Supplied material
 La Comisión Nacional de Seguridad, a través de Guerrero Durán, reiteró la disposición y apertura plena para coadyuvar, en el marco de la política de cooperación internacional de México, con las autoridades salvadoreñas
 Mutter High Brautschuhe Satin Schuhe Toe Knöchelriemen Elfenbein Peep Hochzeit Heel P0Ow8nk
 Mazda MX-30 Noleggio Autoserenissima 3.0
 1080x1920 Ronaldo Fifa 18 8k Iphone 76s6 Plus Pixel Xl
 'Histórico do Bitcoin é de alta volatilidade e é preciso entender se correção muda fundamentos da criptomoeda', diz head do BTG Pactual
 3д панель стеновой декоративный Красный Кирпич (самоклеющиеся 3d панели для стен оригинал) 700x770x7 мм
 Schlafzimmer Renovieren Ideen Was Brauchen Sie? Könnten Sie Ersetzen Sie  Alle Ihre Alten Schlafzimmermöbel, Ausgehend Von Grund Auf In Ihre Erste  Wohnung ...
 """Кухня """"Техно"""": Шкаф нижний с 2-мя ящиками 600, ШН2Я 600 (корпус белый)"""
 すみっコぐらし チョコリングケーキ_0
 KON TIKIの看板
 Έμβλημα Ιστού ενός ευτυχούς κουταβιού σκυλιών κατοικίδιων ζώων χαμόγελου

Task item
The exact lines of the material above starting at the one that contains "do BTG Pactual" and ending at the one that contains "KON TIKIの看板" are what to retype; leave out everything else.

Answer below
 'Histórico do Bitcoin é de alta volatilidade e é preciso entender se correção muda fundamentos da criptomoeda', diz head do BTG Pactual
 3д панель стеновой декоративный Красный Кирпич (самоклеющиеся 3d панели для стен оригинал) 700x770x7 мм
 Schlafzimmer Renovieren Ideen Was Brauchen Sie? Könnten Sie Ersetzen Sie  Alle Ihre Alten Schlafzimmermöbel, Ausgehend Von Grund Auf In Ihre Erste  Wohnung ...
 """Кухня """"Техно"""": Шкаф нижний с 2-мя ящиками 600, ШН2Я 600 (корпус белый)"""
 すみっコぐらし チョコリングケーキ_0
 KON TIKIの看板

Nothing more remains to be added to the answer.